A nossa trajetória (como a do nosso país) é mesmo assim, feita de tropeços e recomeços. Para mim, pessoalmente, é inevitável lembrar que há exatos 60 anos a vida da minha família, como a de milhares de brasileiros, e diria mesmo a da nação, sofreu uma violenta e brusca ruptura então chamada de “revolução de 1964”, mas que a história se encarregaria de redenominar mais precisamente de “golpe de 1964”.
Sim, dia 1º de abril de 1964, uma espessa nuvem institucional de chumbo inaugurou uma ditadura que duraria 21 anos. A deposição do presidente João Goulart e a tomada do poder por uma junta militar mergulhou o país no autoritarismo. A junta, autodenominada Comando Supremo da Revolução, era composta pelo trio: general de Exército Artur da Costa e Silva, tenente-brigadeiro Francisco de Assis Correia de Melo e vice-almirante Augusto Hamann Rademaker Grünewald, que também eram ministros de Rainieri Mazzilli e que de fato exerciam o poder durante o segundo período de Rainieri (foi interino) na Presidência. O Ato Institucional Número 1 (AI-1) foi redigido por Francisco Campos e assinado por eles.

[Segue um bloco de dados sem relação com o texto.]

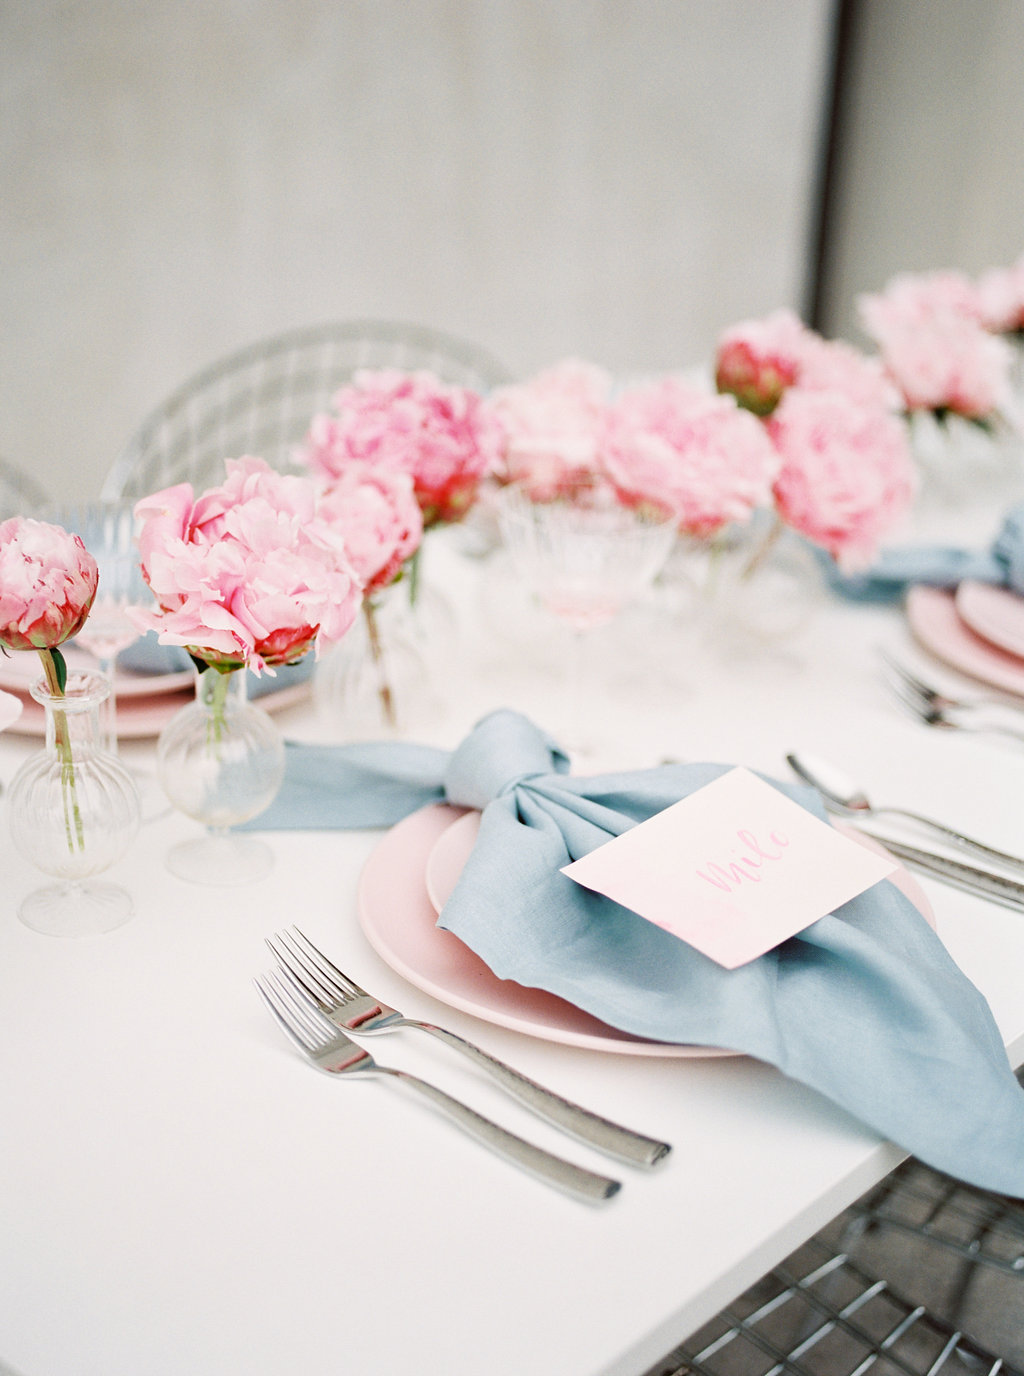 pink and blue weddings - photo by Awake Photography http://ruffledblog.com/sweet-peony-bridal-inspiration

O objetivo era afastar qualquer forma de oposição e legitimar o novo regime. O documento foi assinado no Rio de Janeiro no dia 9 de abril de 1964. O ato dizia, entre outras coisas: “...É indispensável fixar o conceito do movimento civil e militar que acaba de abrir ao Brasil uma nova perspectiva sobre seu futuro. O que houve e continuará a haver neste momento, não só no espírito e no comportamento das classes armadas, como na opinião pública nacional, é uma autêntica revolução”. Em outro trecho explicava: “...A revolução vitoriosa se investe no exercício do Poder Constituinte. Este se manifesta pela eleição popular ou pela revolução. Esta é a forma mais expressiva e mais radical do Poder Constituinte. Assim a revolução vitoriosa, como Poder Constituinte, se legitima por si mesma.”
Houve uma radicalização da chamada “linha-dura”, que não aceitava um governo de tendência esquerdista, mesmo que eleito democraticamente, como era o caso do governo Jango. Ficaram suspensos por 10 anos os direitos políticos de todos os cidadãos vistos como opositores ao regime, dentre eles congressistas, militares e governadores. Nesse período, surgia a ameaça de cassações, prisões, enquadramento como subversivos e eventual expulsão do país. A Lei de Segurança Nacional, que seria publicada em 3 de março de 1967, teve seu embrião no AI-1.
No dia 10 de abril de 1964, foi divulgada a primeira lista dos cassados: 102 nomes foram incluídos, sendo 41 deputados federais. Entre esses primeiros estavam nomes como: João Goulart, Jânio Quadros, Luis Carlos Prestes, Miguel Arraes, Leonel Brizola, Darcy Ribeiro, Samuel Wainer. Meu pai, vereador Hamilton Chaves, seria um deles. Também foram expulsos das Forças Armadas 122 oficiais. Em 15 de abril, o marechal Humberto Castelo Branco assumiu, depois de uma eleição indireta, o cargo de primeiro “presidente” da ditadura militar. Castelo foi responsável por implantar as bases do sistema de repressão que caracterizaria o país por mais de duas décadas.
Como se vê, embora a narrativa dos “eternos descontentes”, como se dizia antigamente, especialmente, daqueles derrotados na última eleição, a situação da atual democracia brasileira é razoável. E, como dizem os italianos: La nave va…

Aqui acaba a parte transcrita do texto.